Patent Application
20090104397
The present invention relates to a paper sheet and paper sheet bonding method.
As toilet paper, tissue paper, kitchen paper, paper towel and the like, conventionally, there has been proposed a type of sheet produced by overlaying plural pieces of paper sheets having no thermally fusible component to integrate them in order to improve functionality such as durability, liquid permeation property and absorption property, so that this sheet is available as a single sheet (for example, a type of tissue paper in which two sheets are overlaid is called 2-ply).
As a method of manufacturing such an overlaid sheet, a method of forming fine holes like perforated line on paper sheets overlapped on each other and a method of overlaying paper sheets through adhesive agent or through no adhesive agent and performing no-heat or heat embossing is available (see for example, patent document 1).
However, the method of forming fine holes facilitate permeation of liquid due to existence of the holes penetrating the sheet and deteriorates the texture. The method of overlaying sheets through no adhesive agent and performing embossing has a problem that its bonding strength is weak. Further, the method of overlaying papers through adhesive agent and performing embossing increases material cost by an amount of the adhesive agent. Further, the heat embossing cannot avoid deterioration of the texture by heating. Patent document 1: Japanese Patent Application Laid-Open No.

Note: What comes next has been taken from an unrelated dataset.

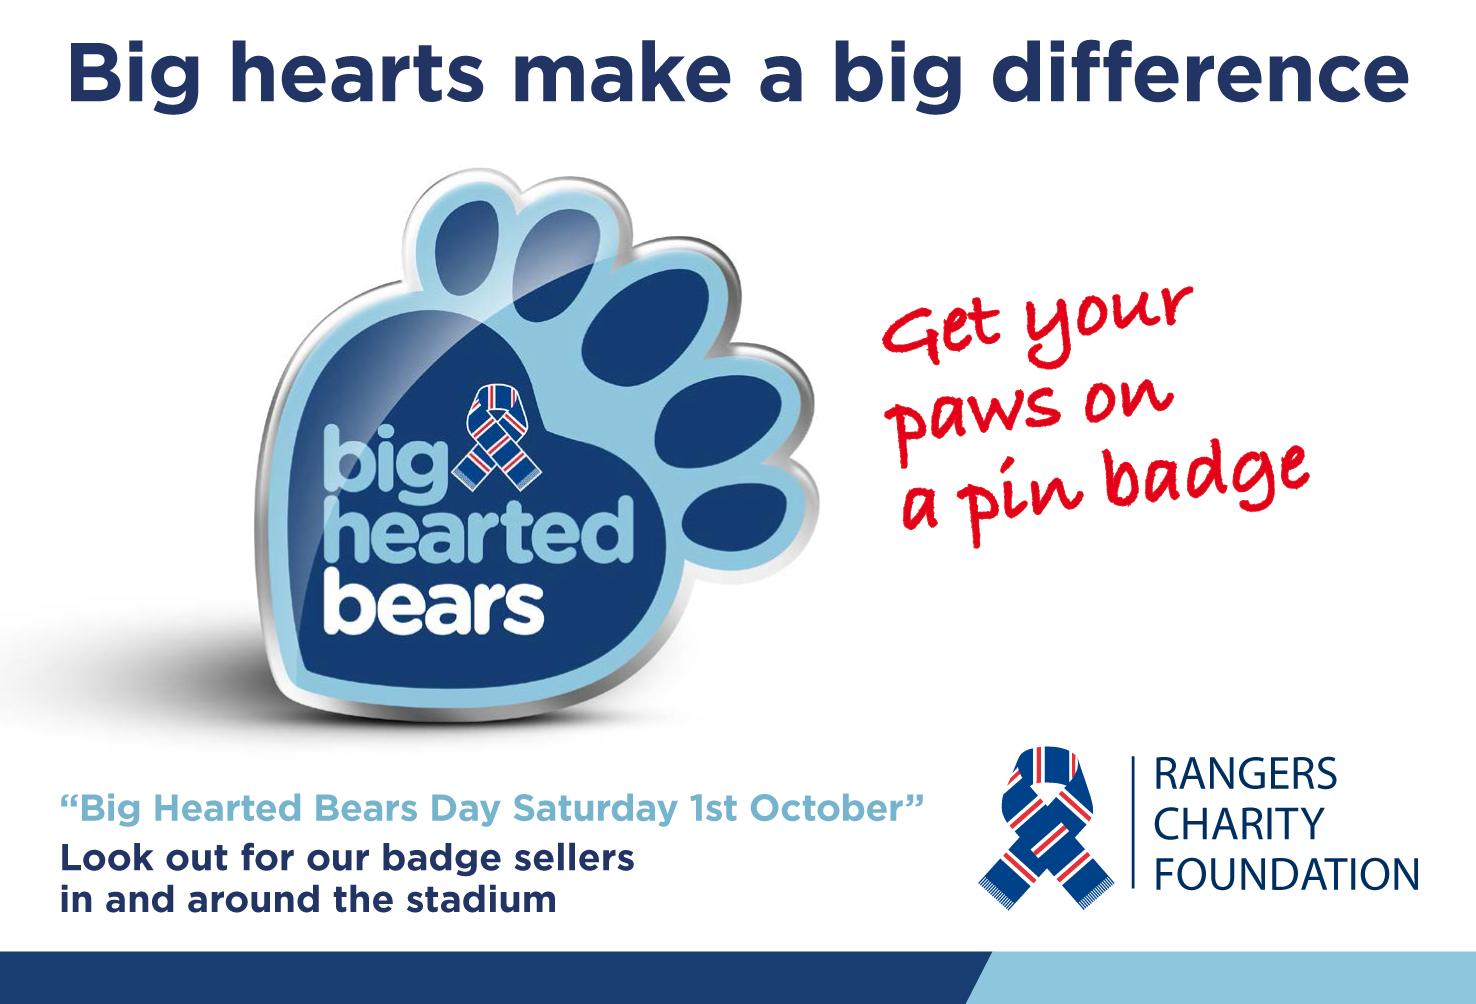 Image of advert for Big Hearted Bears
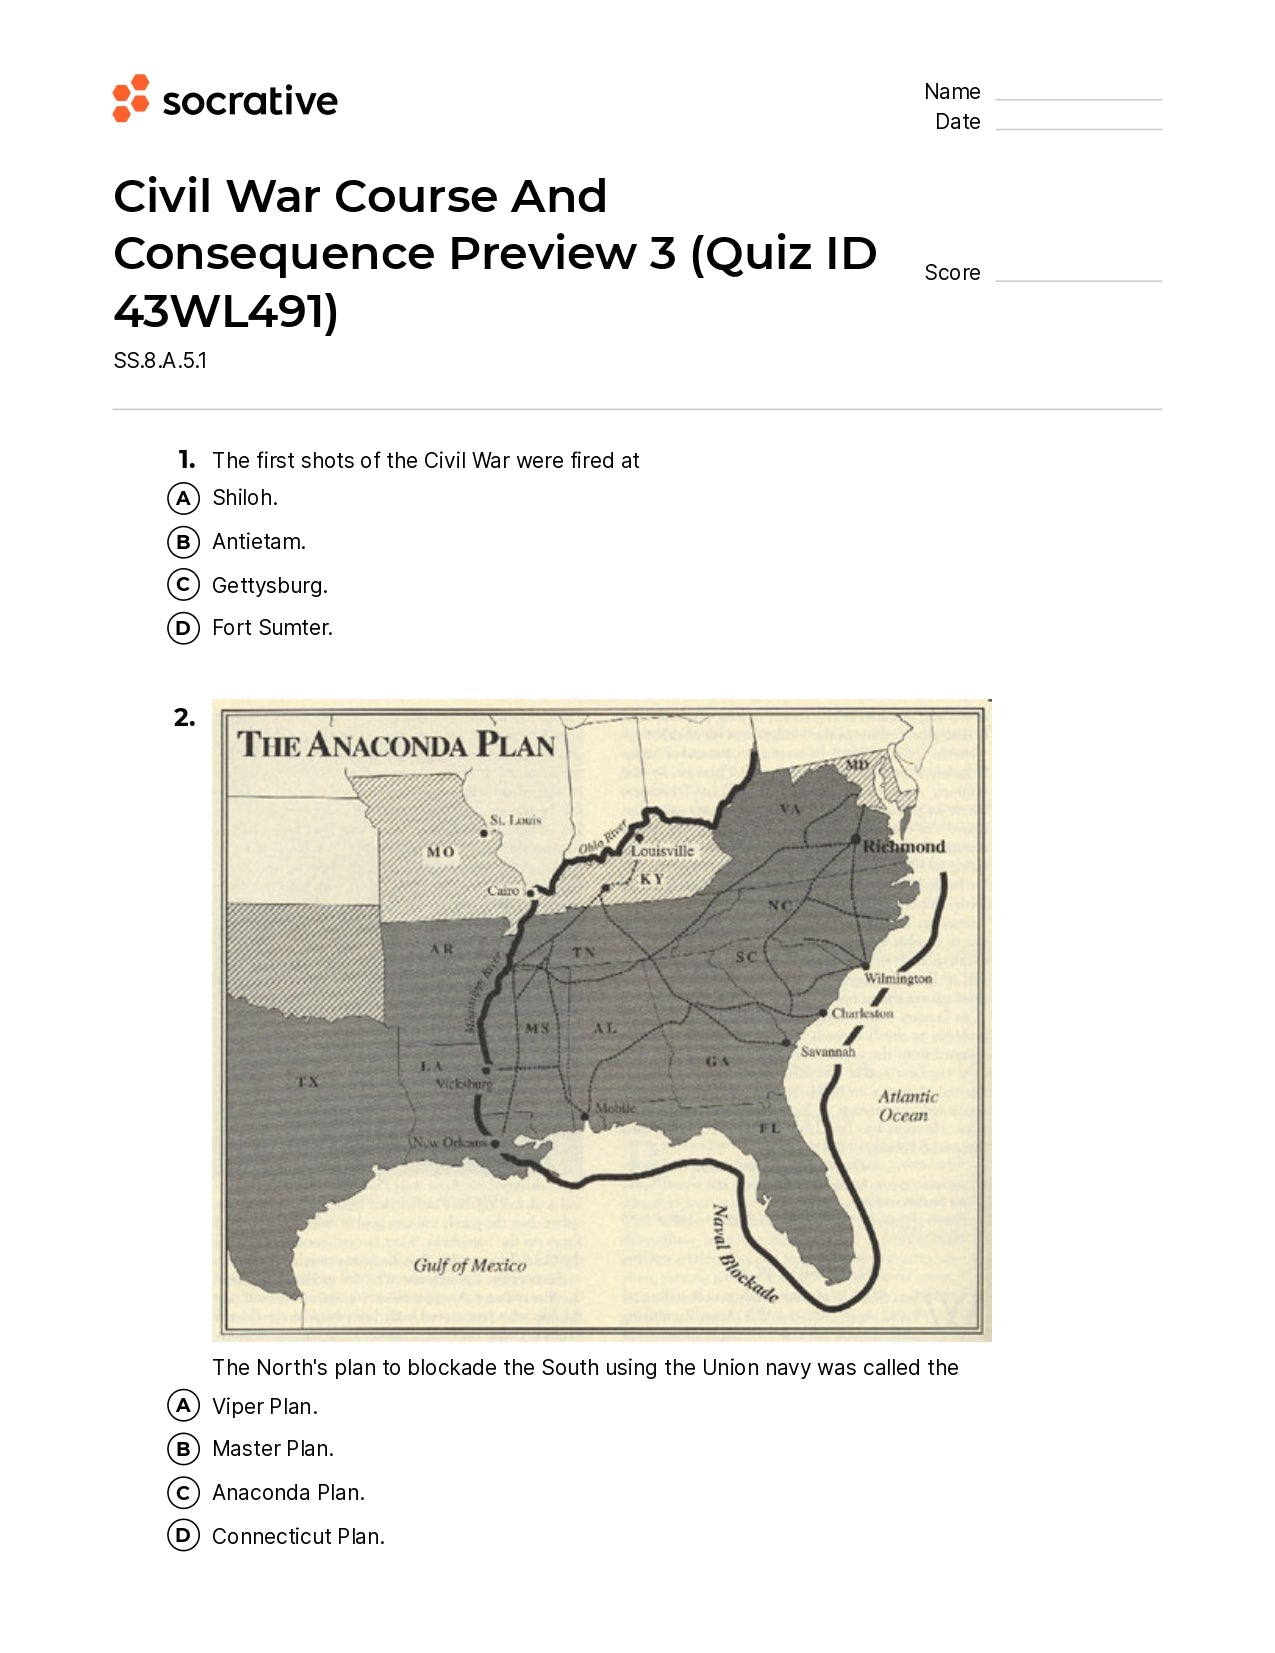 Civil War Course And Consequence Preview 3

Accordingly, a main object of the present invention is to enable the paper sheets to be bonded together with a sufficient strength when bonding the paper sheets having no thermally fusible component, without formation of through holes, deterioration of the texture and increase of material cost.
The present invention which has solved the above-described problem is as follows.
A paper sheet in which a second paper sheet having no thermally fusible component is bonded to a first paper sheet having no thermally fusible component,
wherein fibers of the second paper sheet are made to enter mechanically between fibers of the first paper sheet by pressing the second paper sheet against the first paper sheet and applying ultrasonic wave to a pressed portion so as to bond the first and second paper sheets together without thermal fusion.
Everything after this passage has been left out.